Monday, May. 12, 1975
The Visible Scientist
B.F. Skinner. Margaret Mead. Linus Pauling. Isaac Asimov. Paul Ehrlich. James Watson. What do these people have in common? All are scientists, and their names are more or less household words. They are also included in a group of some 40 scientists* studied by Dr. Rae Goodell, a postdoctoral fellow at M.I.T., for her doctoral thesis at Stanford University's department of communication. She picked them because they have an ability that is rare in the scientific community: to communicate effectively with the public and make headlines.
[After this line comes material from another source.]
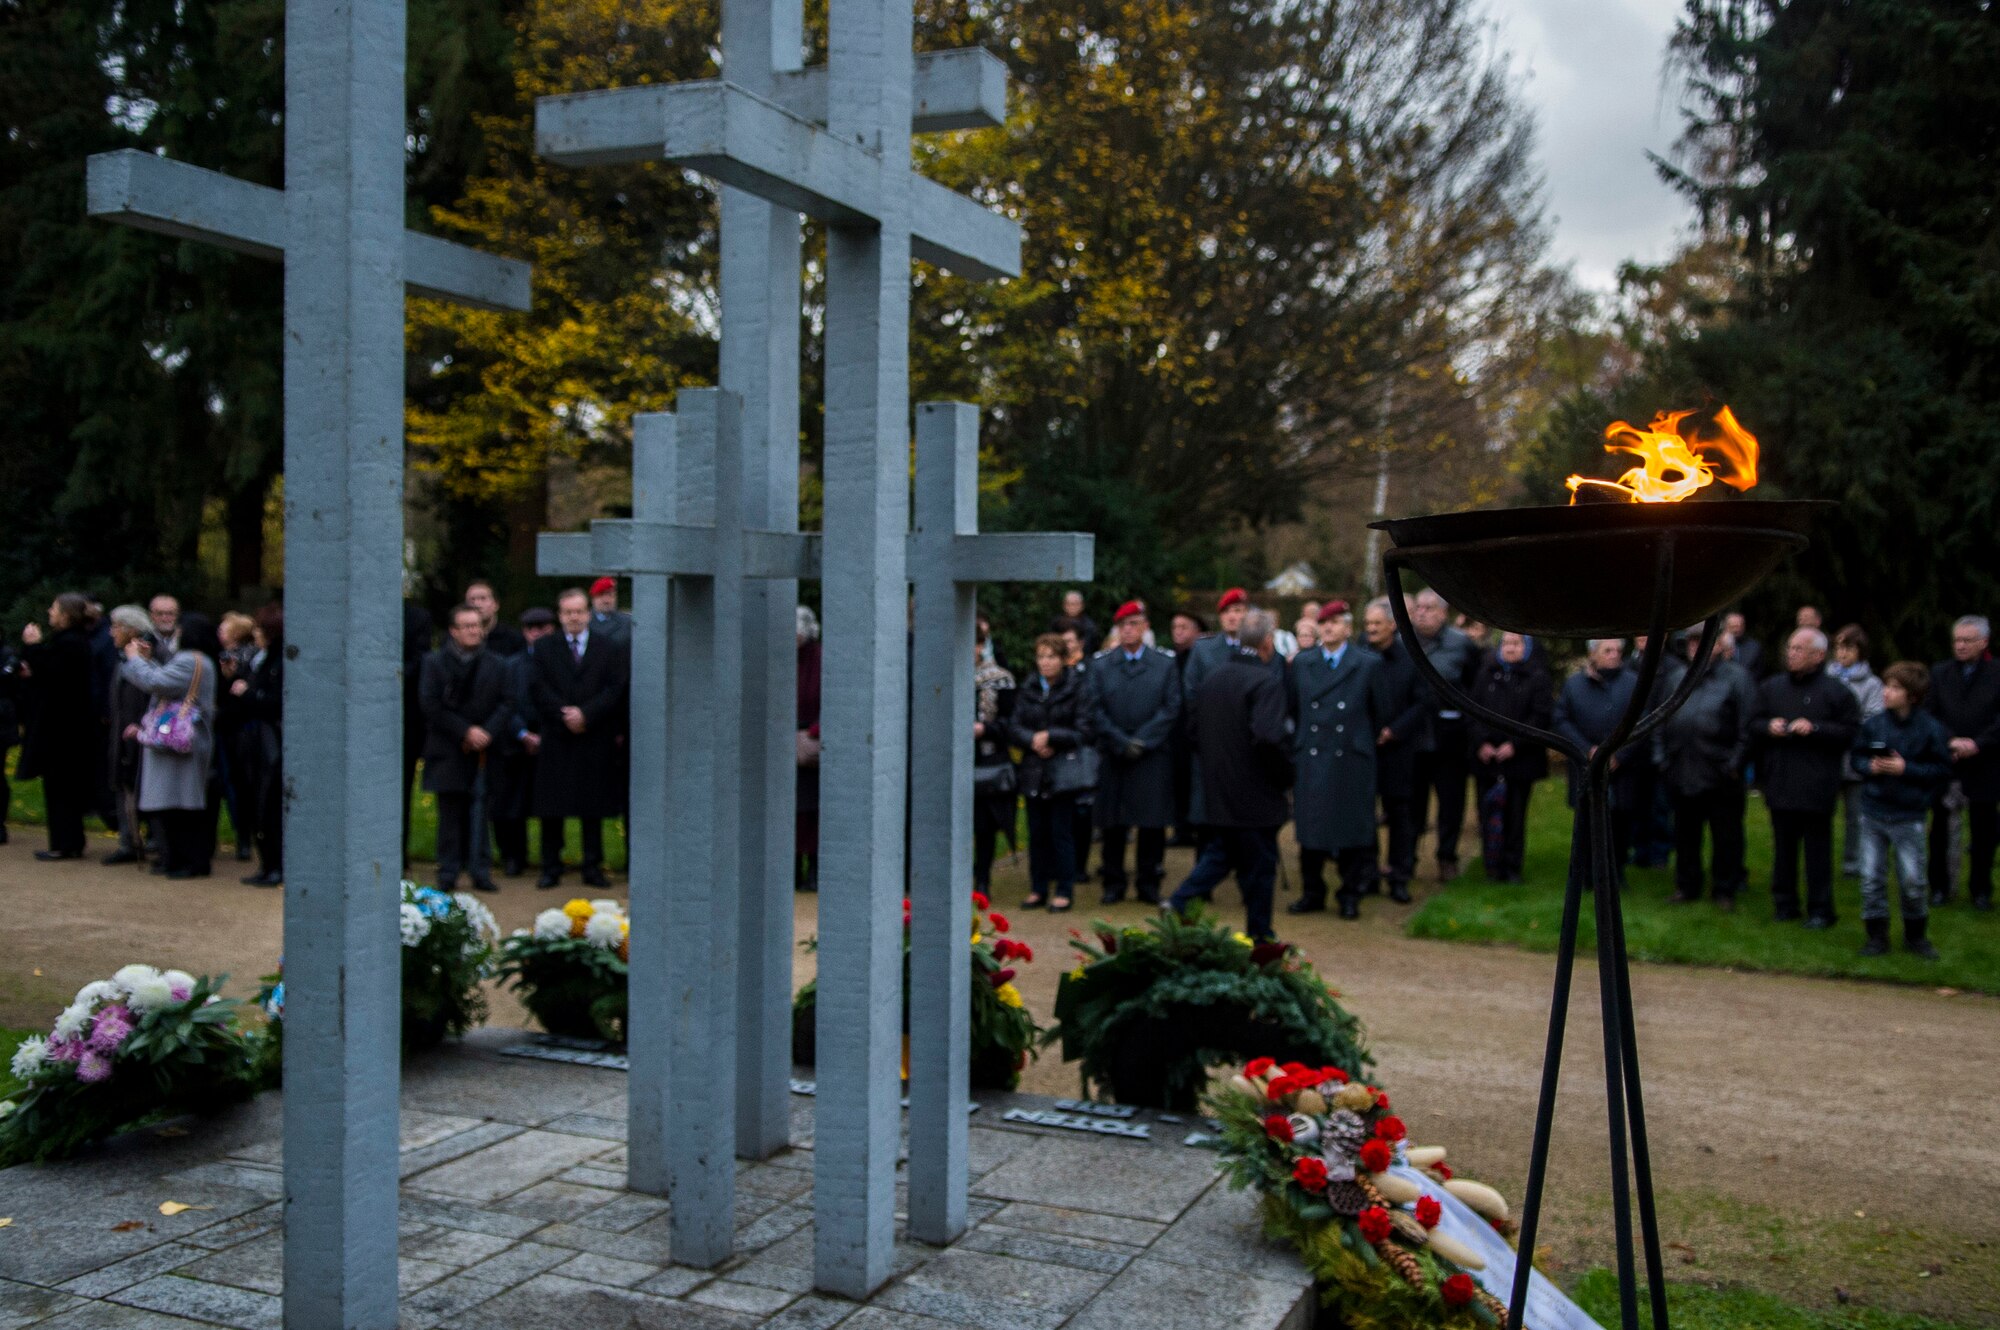 A German memorial faces a crowd during a National Mourning Day ceremony at a cemetery in Trier, Germany, Nov. 15, 2015. The memorial was the location of a ceremony for Germany’s National Mourning Day. (U.S. Air Force photo by Airman 1st Class Luke Kitterman/Released)

Goodell's thesis--appropriately entitled "The Visible Scientists" and made public last week--concludes that it is not their discoveries, their popularization of science or their leadership in the scientific world that makes scientists visible. Rather, it is their public involvement, their "activities in the messy world of politics and controversy."
Thus Paul Ehrlich, an accomplished researcher in entomology (the study of insects), has become well known by speaking and writing about the population explosion. Biologist Barry Commoner is one of the leading spokesmen for the environmental movement. Linus Pauling, who won a Nobel Prize for his explanation of the nature of chemical bonds, is famous as a peace activist and, more recently, for promoting vitamin C as a cure for the common cold. James Watson, the co-discoverer of the structure of life's master molecule DNA became a public figure only after the publication of his book The Double Helix, a frank and often unflattering view of how scientists choose and achieve their goals.
Colorful Images. Yet it takes more than making a dramatic stand or picking a controversial issue to make a scientist visible. Most of the scientists that Goodell studied are masters of the art of mass communications and are frequently sought out and publicized by the press. Paul Ehrlich, for example, admits that he is using Madison Avenue techniques to sell the public on halting the population explosion. "If they can sell flavored douches," he says, "we can sell anything."
Ehrlich and most of Goodell's other subjects are articulate, can readily translate scientific jargon into understandable English and are at ease in public.
In addition, they all share colorful images. Most of them already have established reputations within their own disciplines. That, says Goodell, makes them more attractive to reporters who are generally reluctant to use unknown scientists as sources for stories. The average age of the scientists on the list at the time of the study was 59 and only one, Astronomer Carl Sagan, was under 40.
Being visible does not help the scientists' research careers. Other scientists see them, Goodell says, "as a pollution in the scientific community," as publicity grabbers who depart from normal scientific channels to communicate their views. These critics complain that their better publicized colleagues may mislead the public because they often speak outside their area of expertise. Biologist George Wald, a Nobel Laureate and vociferous antiwar spokesman, disagrees. "If the scientist is good," he says, "his field is reality, and that covers an awful lot of ground. I think that the scientist can be that rare, disinterested person who calls it the way he sees it."
* Some of the other most recognizable scientists: Jonas Salk, Wernher von Braun, William Shockley, Edward Teller, Rene Dubos, Glenn Seaborg, Carl Sagan.